== WHAT TO DO ==
The needed output is the run of lines below from the one containing "Magically Melting Poo Toy" through the one containing "Boats in the", copied exactly and free of pictures.

== DATA TO USE ==

++++++

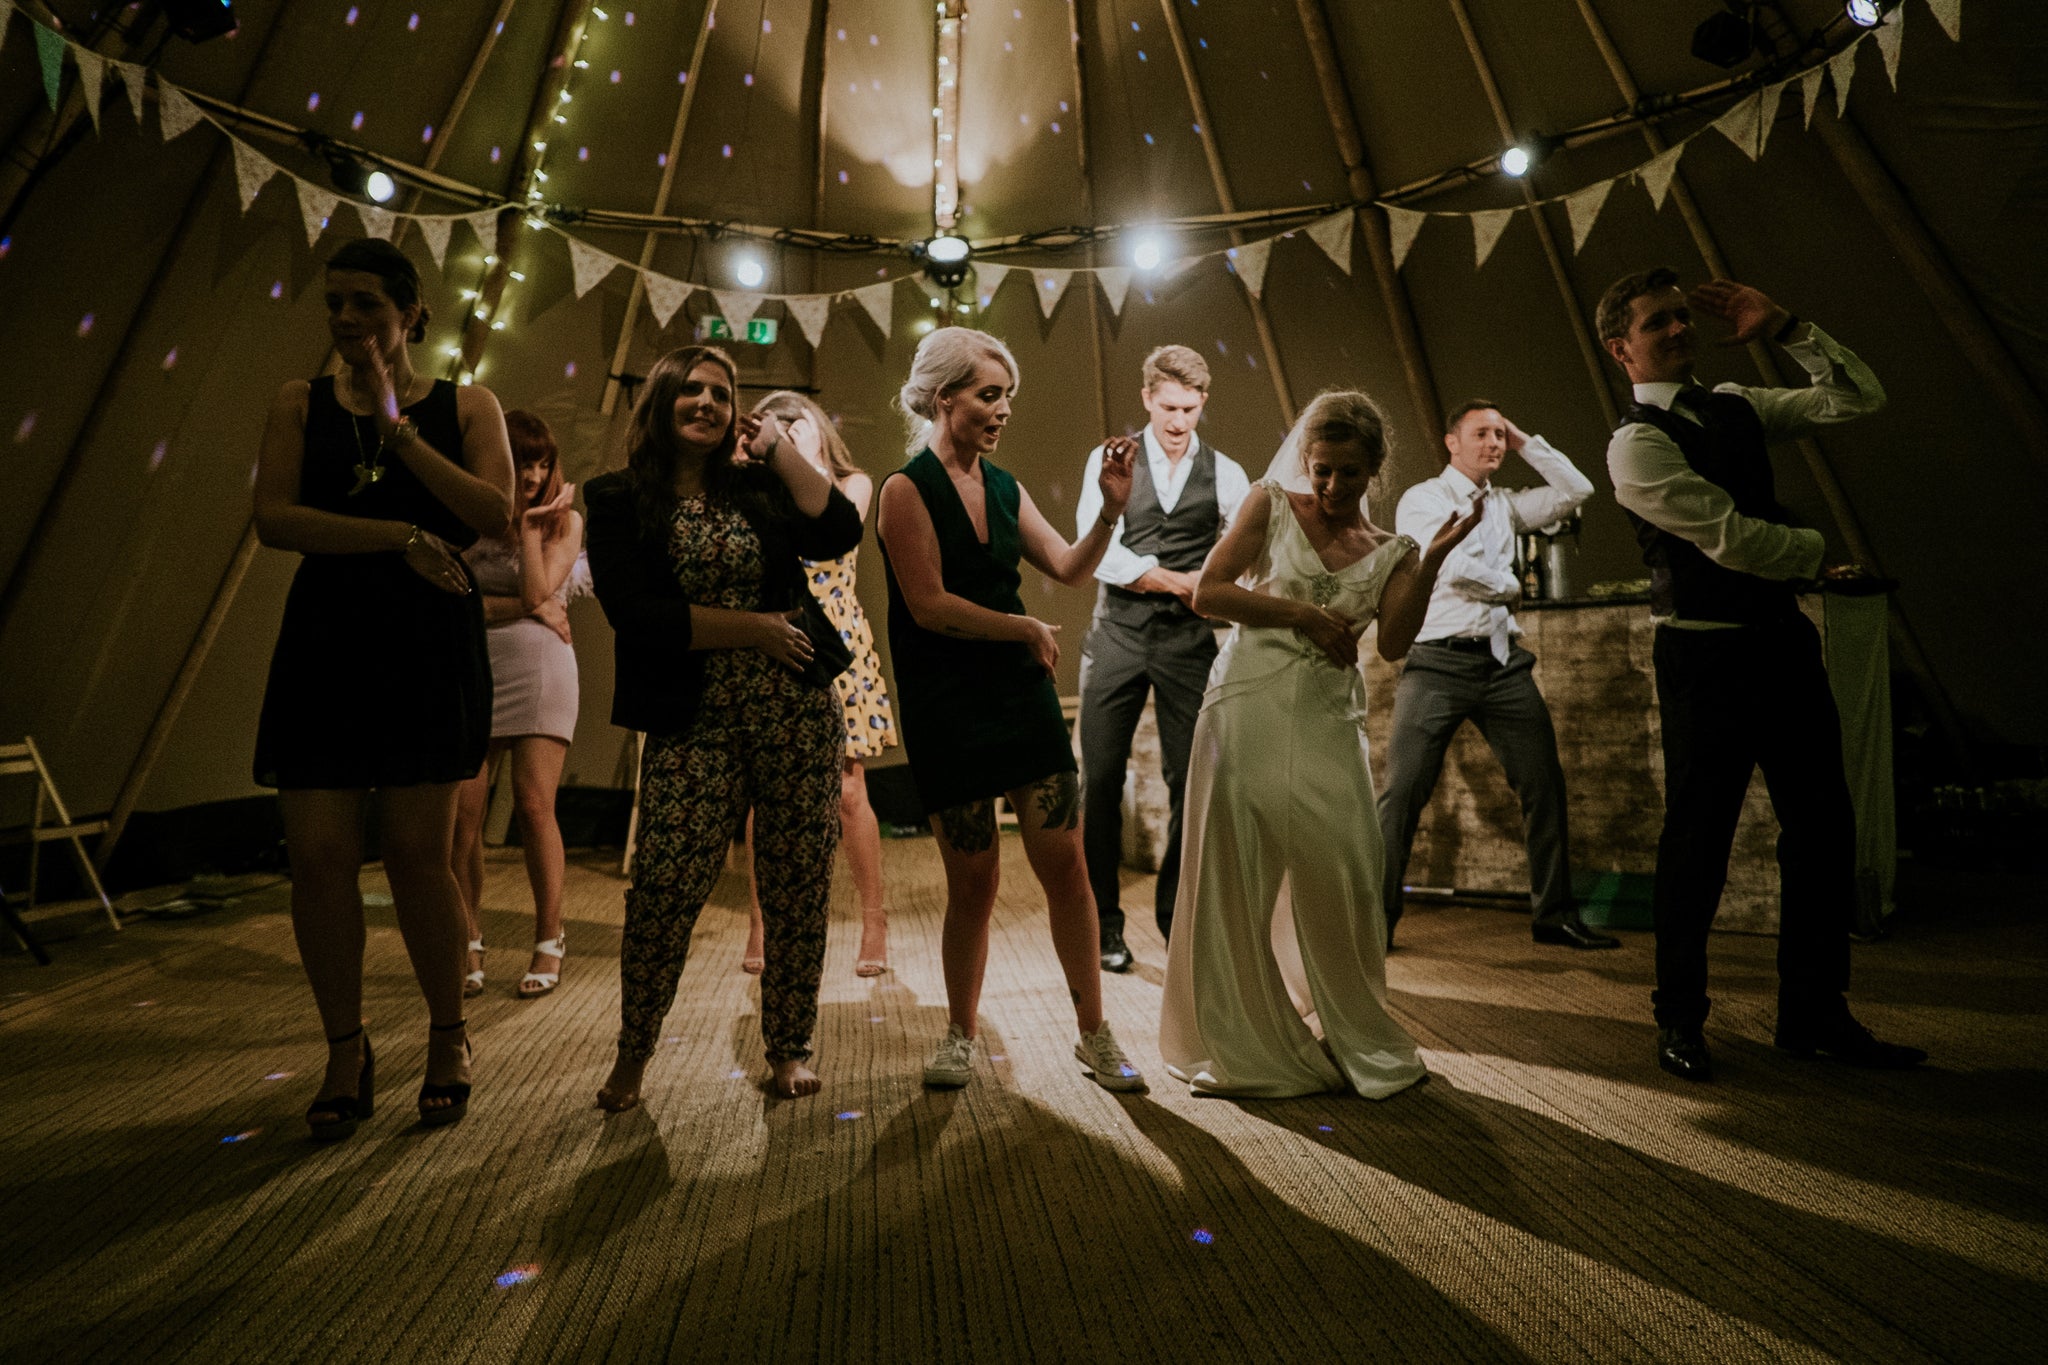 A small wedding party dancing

++++++

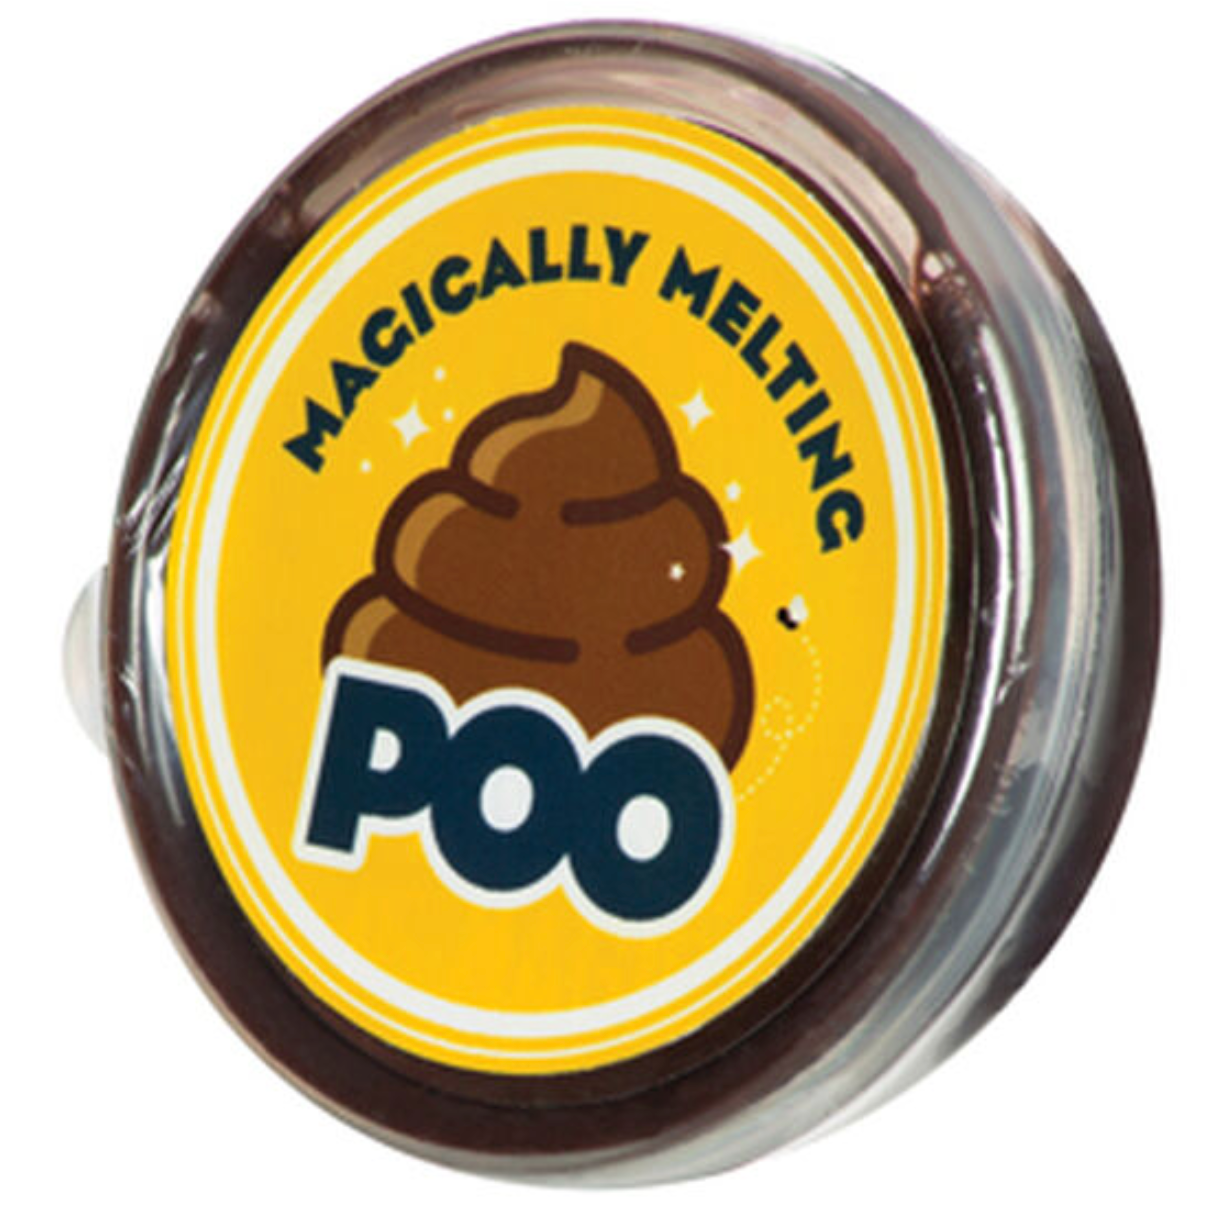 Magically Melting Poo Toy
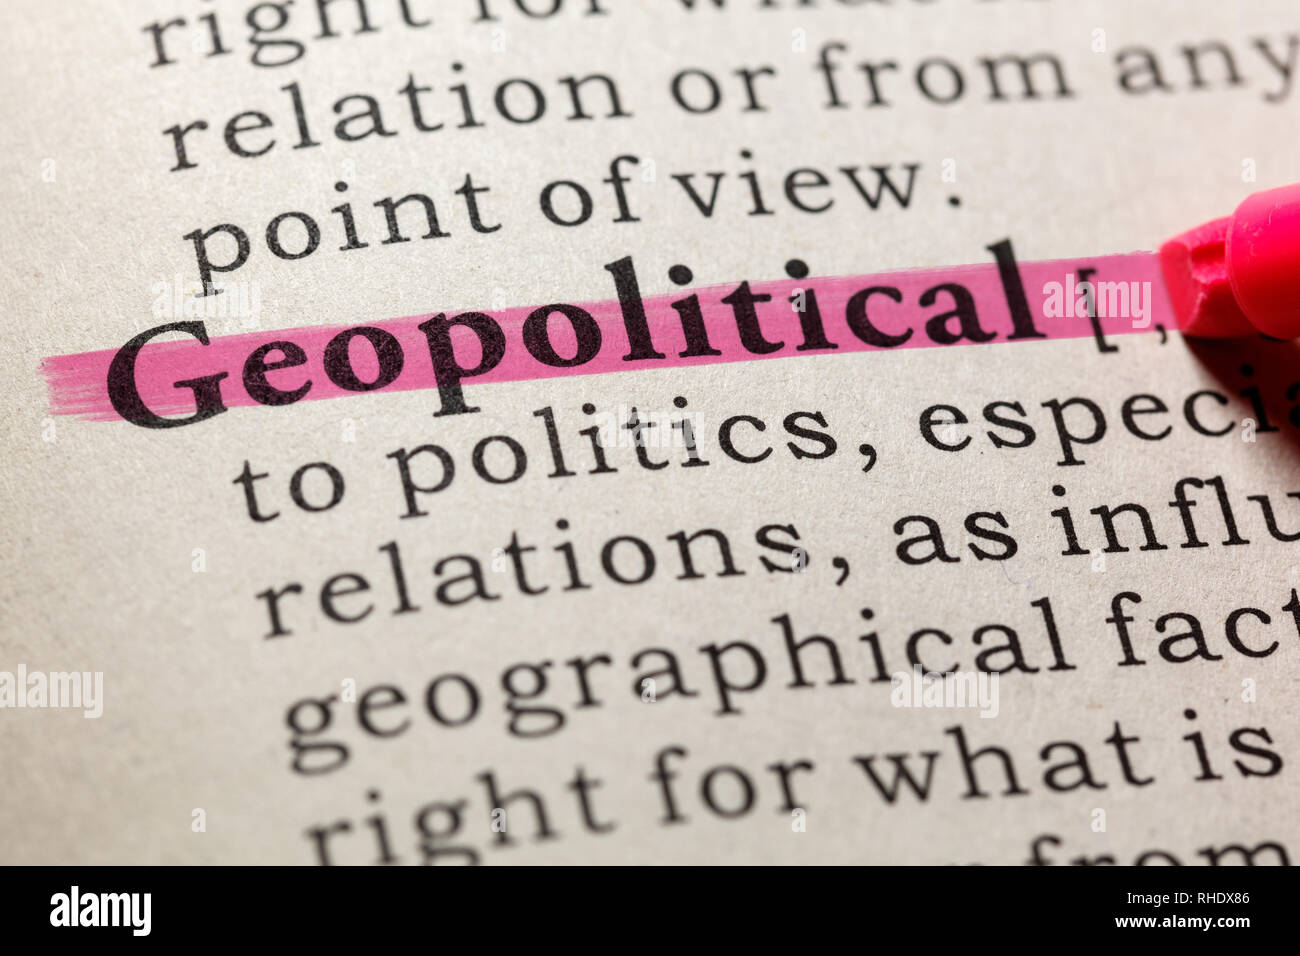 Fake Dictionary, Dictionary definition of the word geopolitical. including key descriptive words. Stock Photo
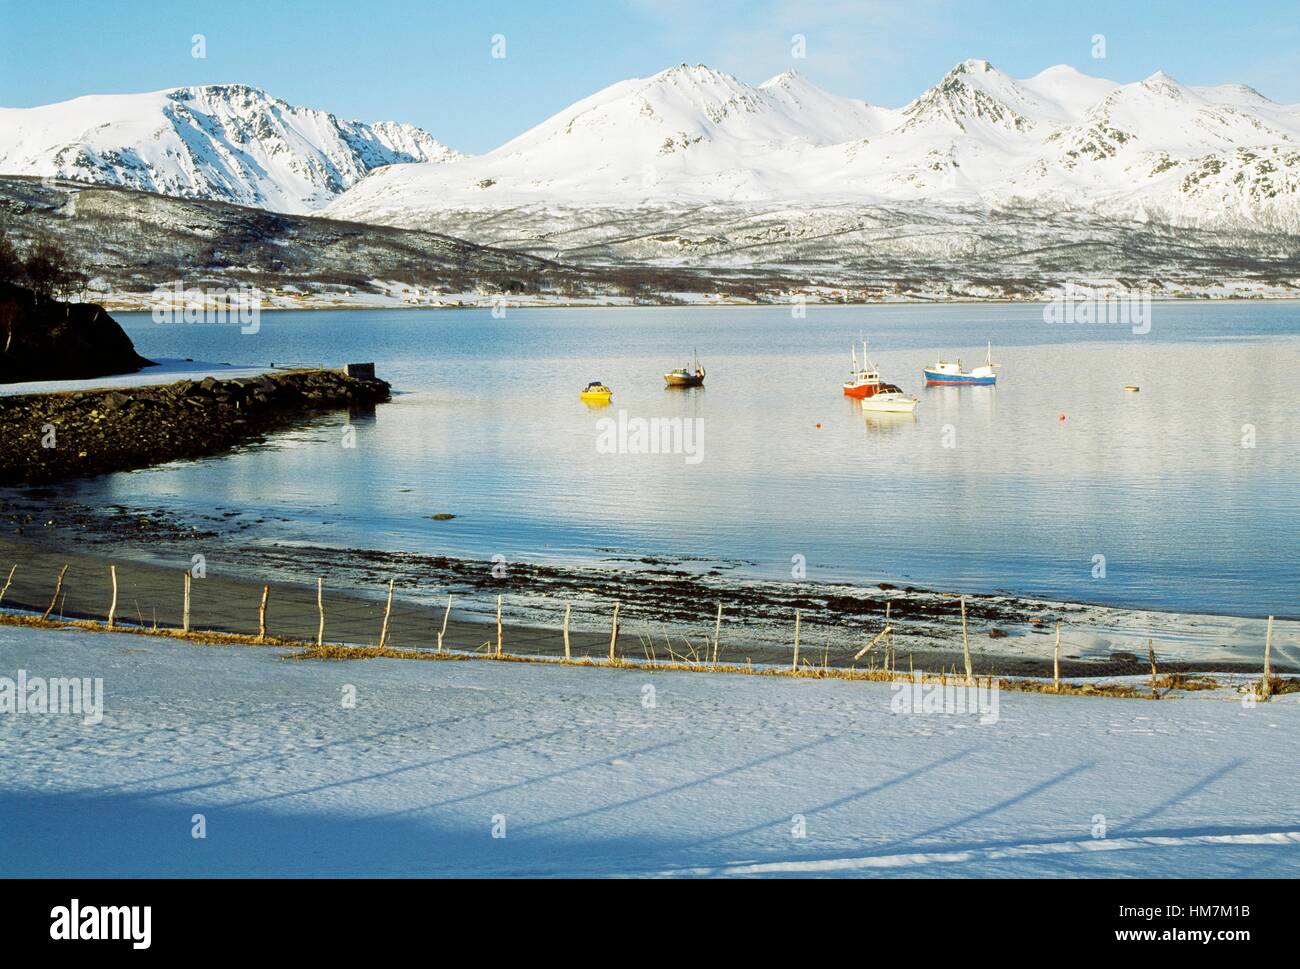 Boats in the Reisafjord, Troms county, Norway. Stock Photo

++++++

== EXERCISE OUTPUT ==
 Magically Melting Poo Toy
 Fake Dictionary, Dictionary definition of the word geopolitical. including key descriptive words. Stock Photo
 Boats in the Reisafjord, Troms county, Norway. Stock Photo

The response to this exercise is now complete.